Poniżej znajduje się szeroka próbka konstrukcji poprzez dodanie jednostek, progresji i permutacji oraz sześcian jako motyw jazdy. Hans Haacke, przez Kirkeby’egoSol LeWitt, Bruce Nauman, Cildo Meireles, Felix Gonzalez-Torres lub Fiona Banner wyróżniać się w tej sekcji, co prowadzi do kolejnej proporcjonalnie. Skala architektoniczna staje się tu tematem dominującym i nabiera krytycznego tonu w twórczości Dana Grahama, Thomasa Schütte’a, Marcin Honert każdy Chrisa Burdena.

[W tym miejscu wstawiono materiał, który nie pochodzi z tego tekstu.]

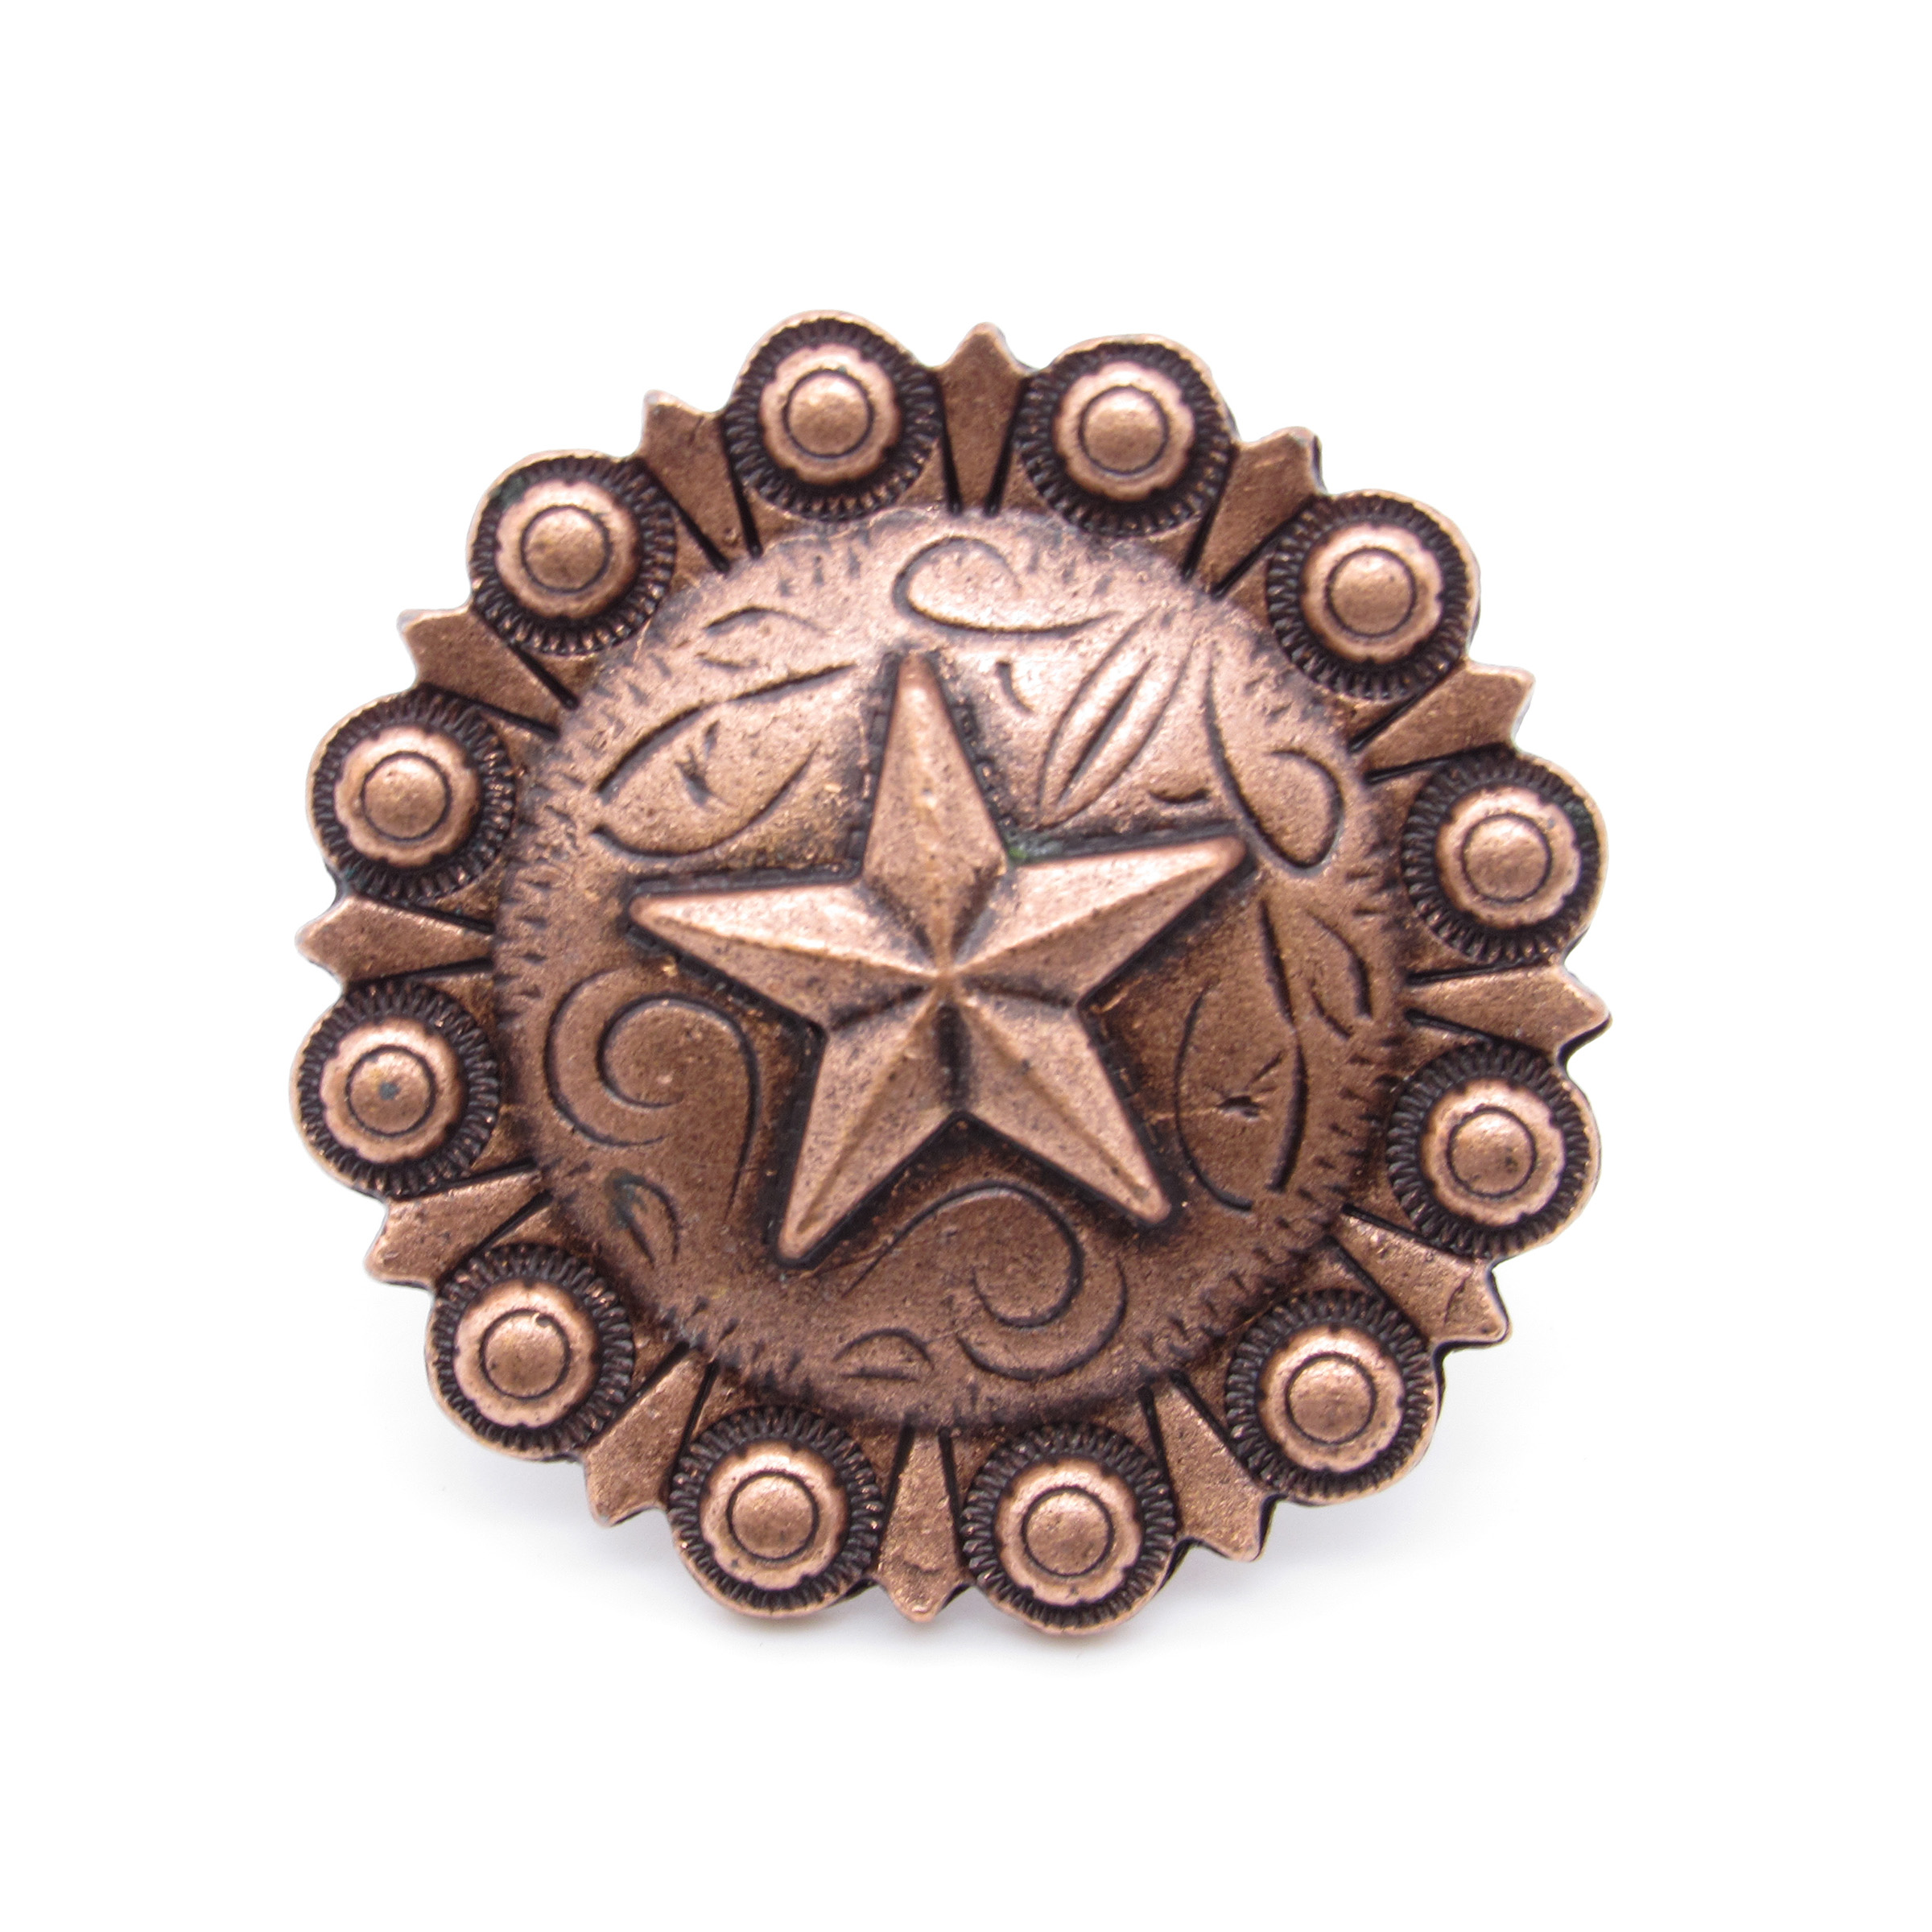 Star Clavo Decorative Nail, 8-Pack, Copper Oxide

Jako połączenie z otoczeniem, modele dużych rzeźb otaczających budynek (Chillida, Sempere, tokarz, kościoły…) oraz, w ogrodzie, reprodukcja w skali 1:4 prac Dominique’a Gonzaleza-Foerstera, które brały udział w Skulptur Projekte Münster w latach 1977–2007, oraz Mini powiększone do 130, szczególnie pasują do argumentacji wystawy. % za Elżbieta Wright. W tym obszarze uwypuklone są mechanizmy percepcji: nasza indywidualna percepcja. W końcu, jak mawiał Protagoras, „człowiek jest miarą wszystkich rzeczy”.